Ох, лукавил Александр Иванович. Еще задолго до Украины начал применять он «такую практику»…
Из протокола допроса бывшего наркома внутренних дел Белоруссии Б. Бермана
:
«В 1938 году на совещании в НКВД СССР выступил Успенский и заявил, что он спас Красную Армию (!), так как ликвидированные им в Оренбургской области повстанческие организации, вооруженные берданками, чуть-чуть не разоружили мото-механизированные корпуса Красной Армии».
Нет, недаром газеты называли сессии Верховного Совета судьбоносными. После первой сессии, в январе, он стал наркомом Украины.
Приехав на вторую, в августе, от всезнающего Шапиро услышал сенсационную весть.
– У Ежова большие неприятности, – говорил Шапиро, нервно расхаживая по кабинету, – в ЦК ему не доверяют. Ходят слухи, что замом придет какой-то человек, которого нужно бояться.
Ежов уже и сам предчувствовал неладное. Пить он стал еще больше, хотя, казалось бы, больше было и некуда.

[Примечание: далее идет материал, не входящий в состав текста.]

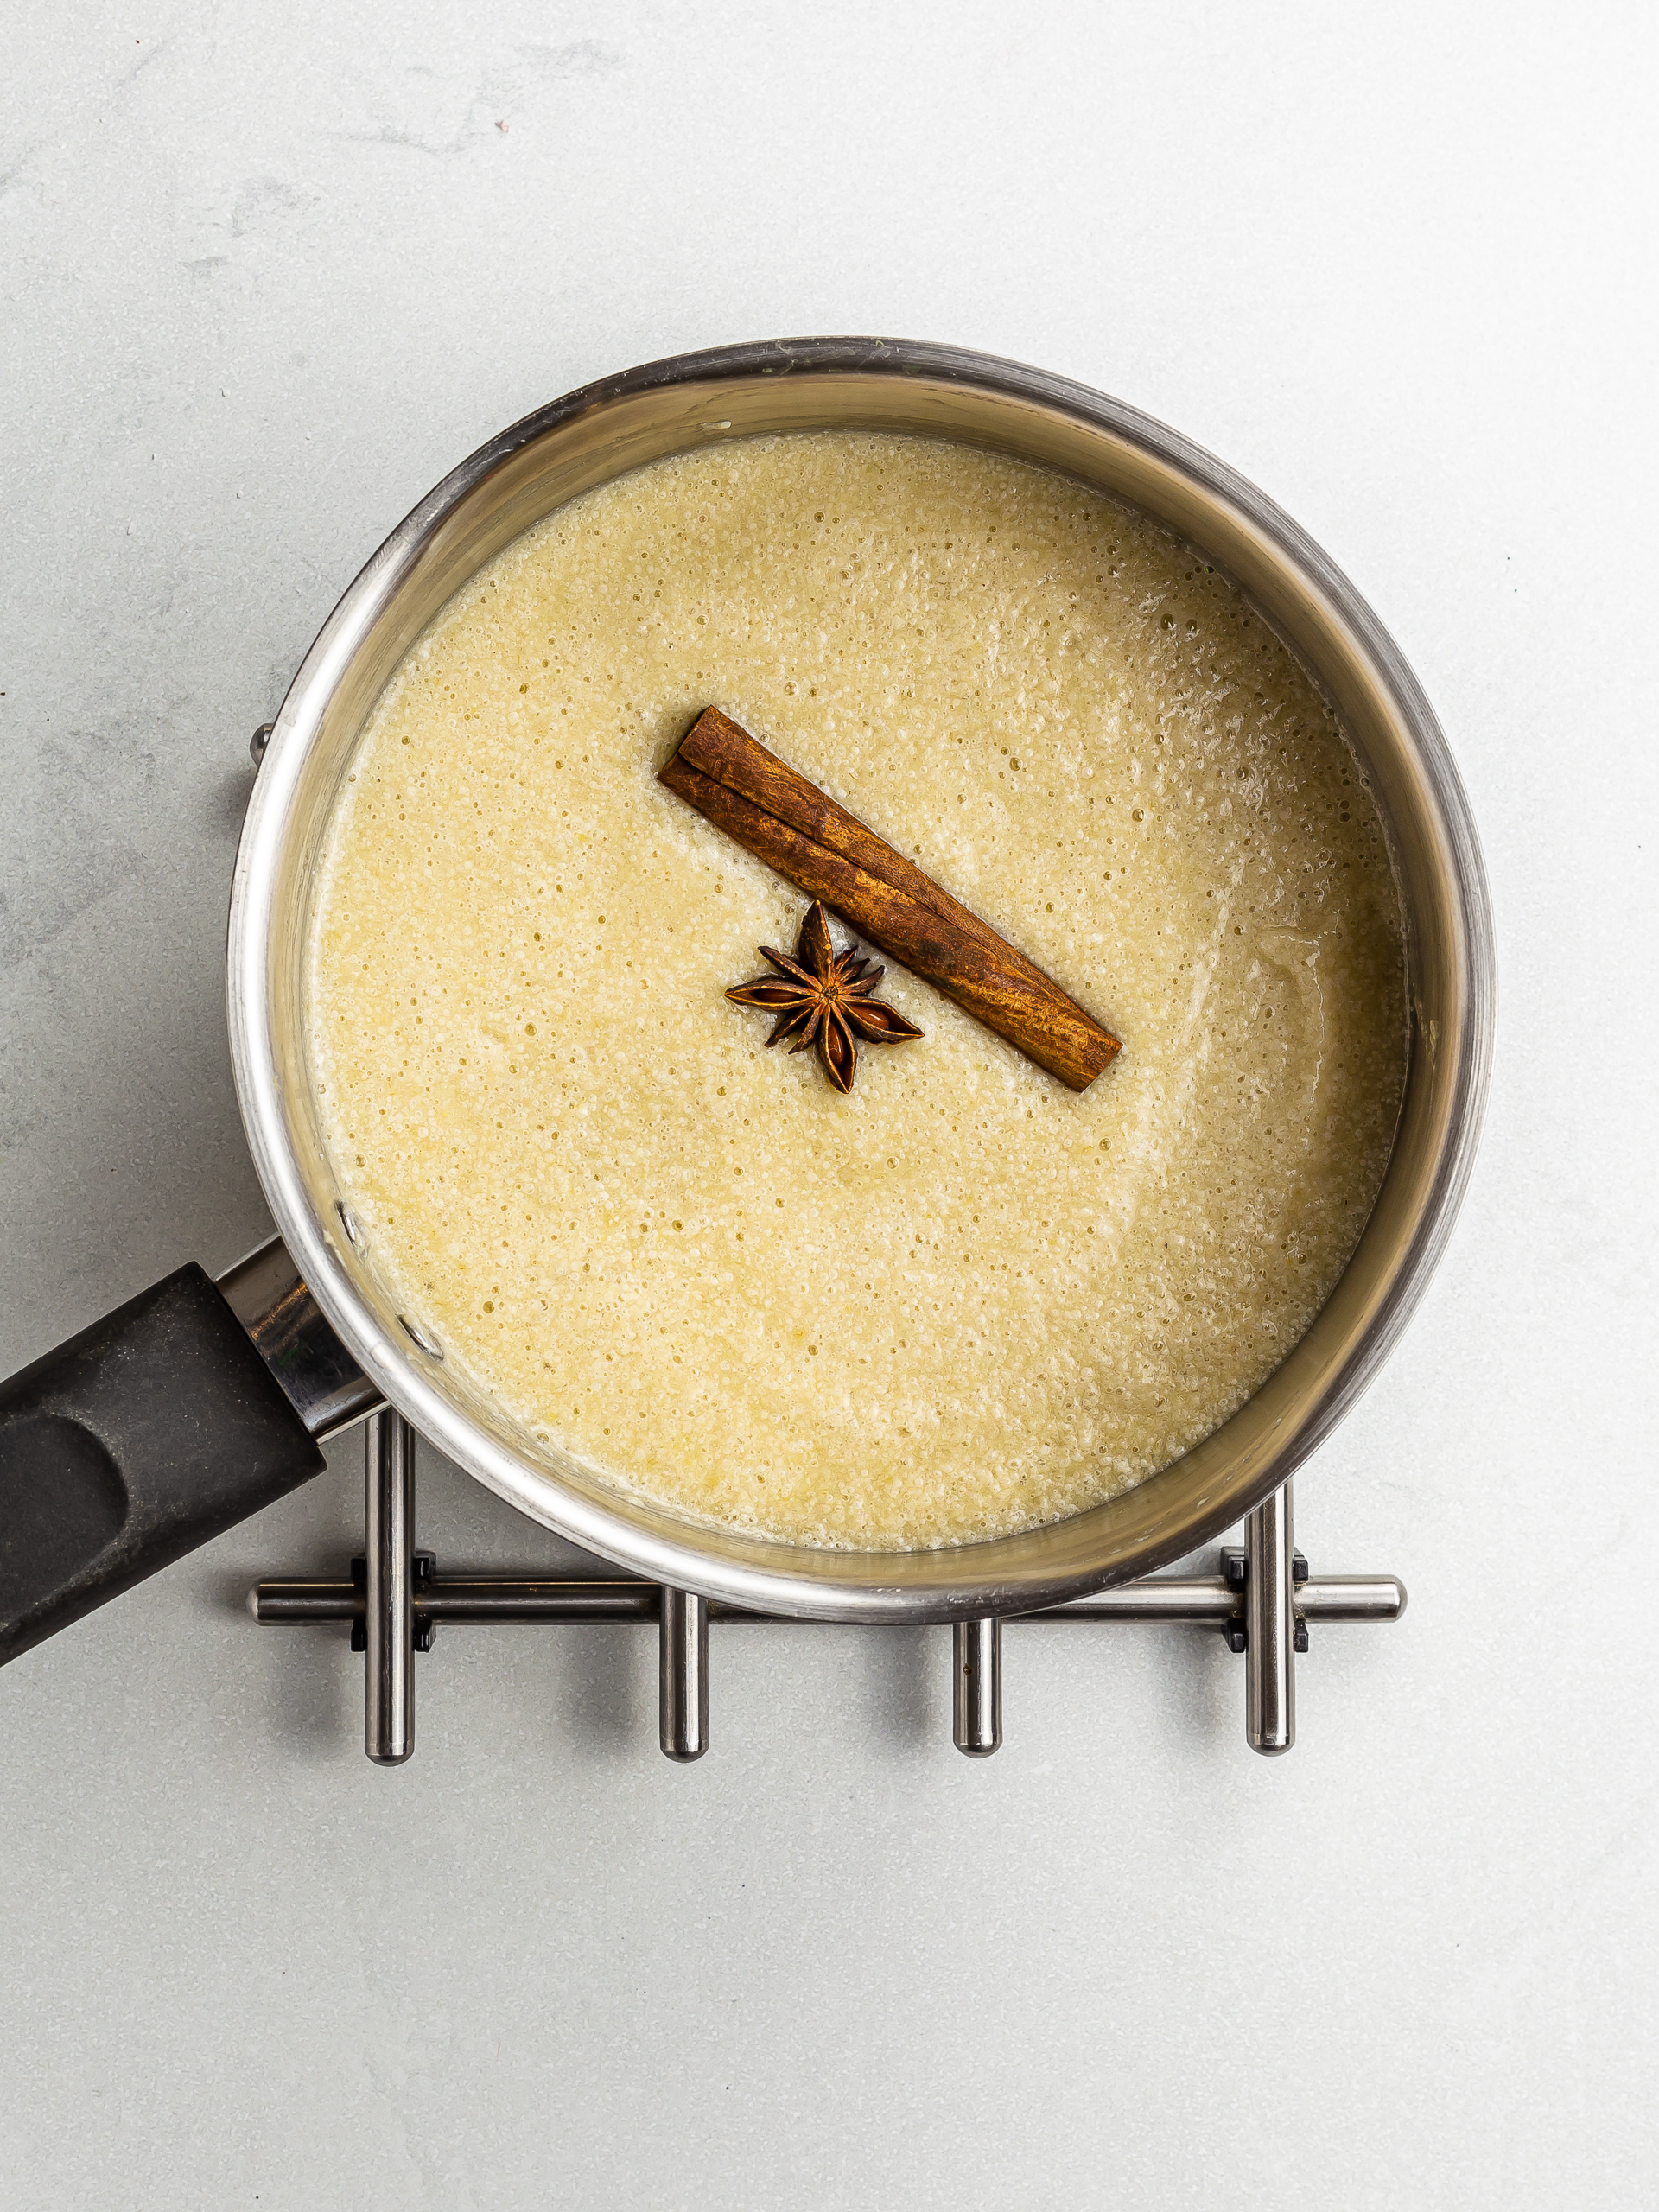 cooking plantain porridge in a pot

У себя на даче, куда как-то раз затащил Успенского, постоянно твердил, что надо всех расстрелять, лишь бы никто ни в чем потом не разобрался.
Когда Успенский возвращался с дачи в Москву, в голове, несмотря на выпитое, все крепче утверждалась мысль: надо бежать. Что он ответит, если от него потребуют объяснений? За что расстреливал десятки тысяч невиновных? Валить на Ежова? Но Ежова наверняка объявят врагом народа, как это проделали уже с Ягодой, и на этот раз отвертеться не удастся. Об их близости знают все. Мавр сделал свое дело…

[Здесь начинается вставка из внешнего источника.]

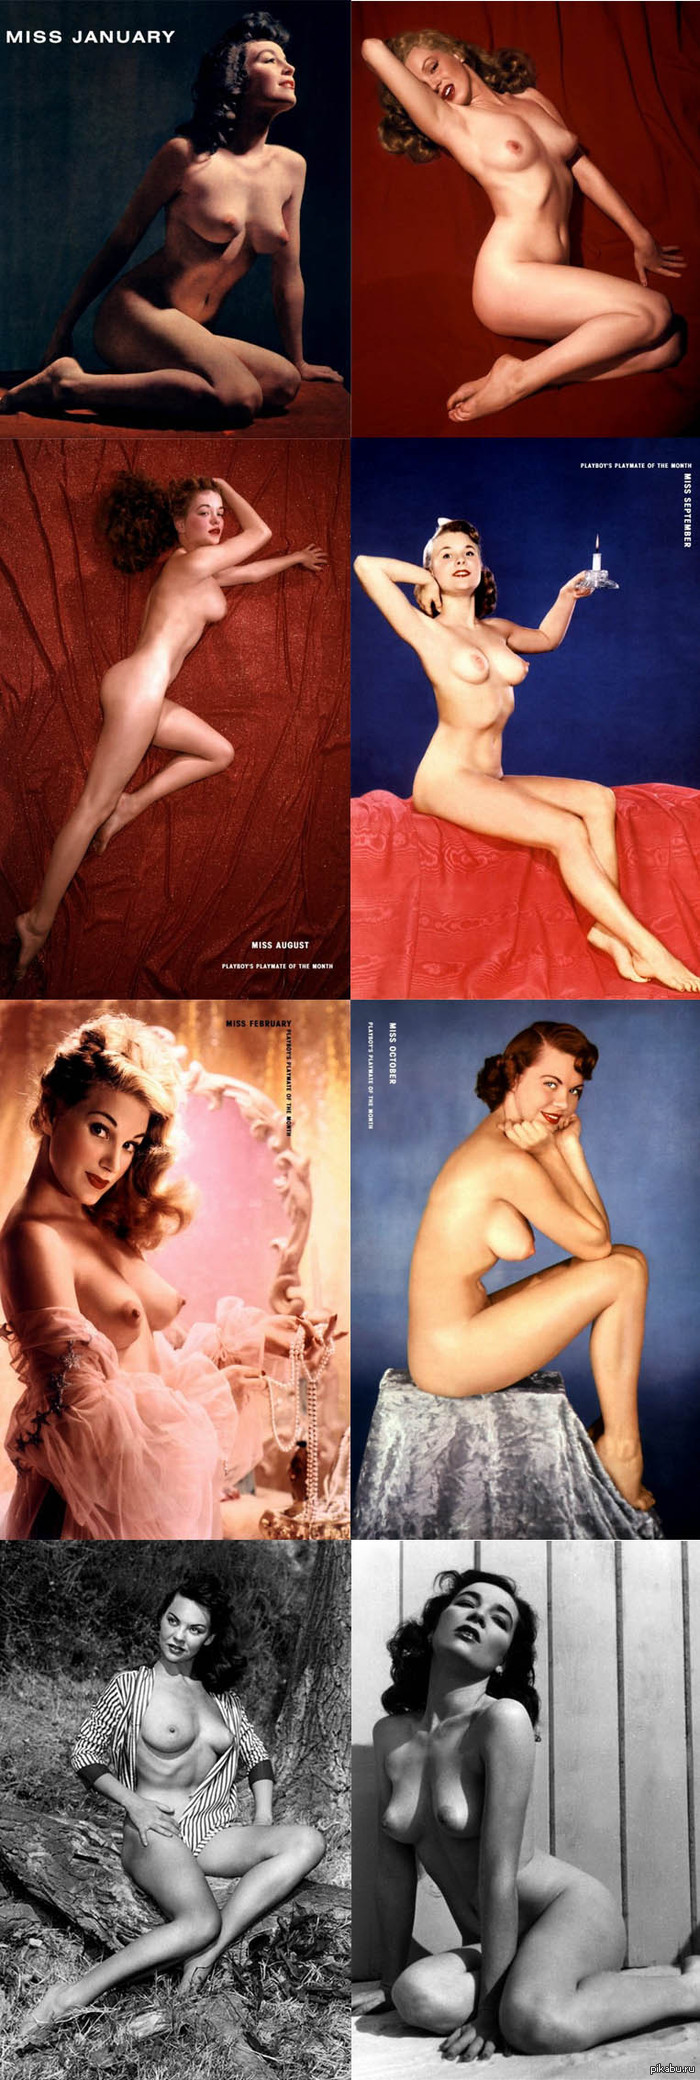 Playboy 1954-1955 - 1955, 1954, NSFW, Playboy, Retro, Not mine, Longpost

В сентябре 1938 года, взяв жену и 15-летнего сына, Успенский выехал в Житомир. Он хотел нелегально перейти польскую границу, но в последний момент банально струсил. Подумал: а если, неровен час, поймают? Тогда – никаких шансов. Верная смерть. Нет, лучше пусть идет все своим чередом. В конце концов, может, не зря считают его везунчиком. Может, опять пронесет?
Однако кольцо вокруг его шеи затягивалось все сильнее. В августе первым заместителем Ежова был назначен Лаврентий Берия – секретарь грузинского ЦК, земляк Сталина. Успенский понял: это и есть тот человек, появление которого предрекал Шапиро.

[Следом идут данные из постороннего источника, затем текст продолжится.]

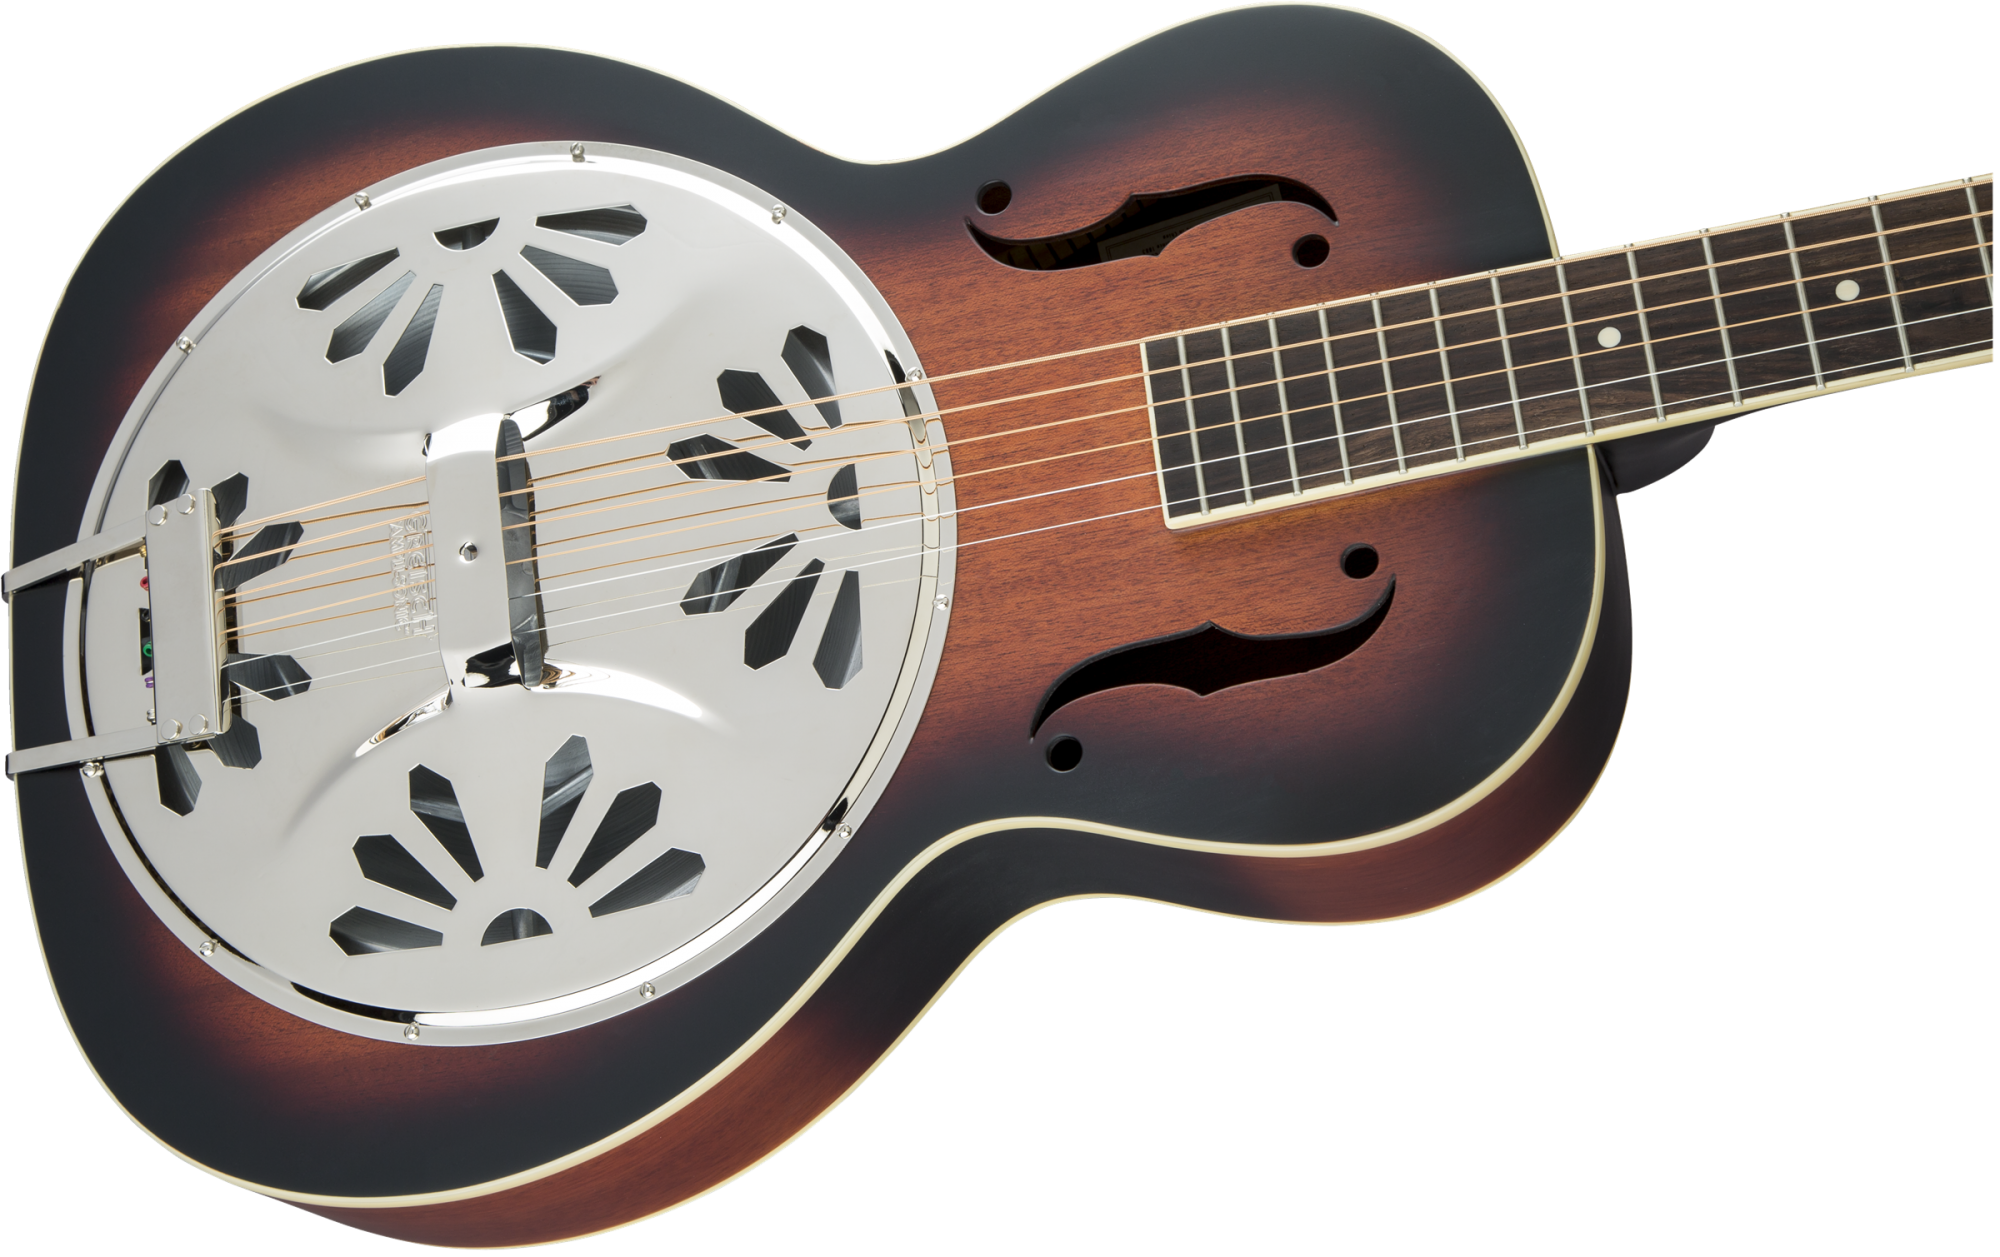 Gretsch G9220 Bobtail Mahogany Round Neck Acoustic/Electric Resonator Guitar

На всякий случай Успенский решается запастись документами на другое имя – так называемыми «ДП», документами прикрытия. Подчиненные принесли ему 5 комплектов на разные фамилии, но он выбрал документы рабочего Ивана Лаврентьевича Шмашковского, более других подходящие ему по возрасту. Остальные – сжег.
Роковой звонок раздался 14 ноября. На проводе был Ежов:
– Тебя вызывают в Москву. Плохи твои дела. И под конец будто прочитал его мысли:
– А в общем, сам посмотри, как тебе ехать и куда ехать.
Что такое вызов в Москву, Успенский понимал отлично. Обратно ему уже не вернуться. Что же делать?
Из сейфа он достал документы Шмашковского, задумчиво разложил их на столе. Что ж, отныне он начинает новую жизнь. Жизнь, в которой не будет постоянного страха, расстрелов и пыток. Жизнь, так похожую на ту, от которой 18 лет назад он безрассудно отказался. Тогда ему казалось, что ничего не может быть скучнее, чем тихое, незаметное существование. Теперь – понял он – в этой обыденности и есть истинное, настоящее счастье.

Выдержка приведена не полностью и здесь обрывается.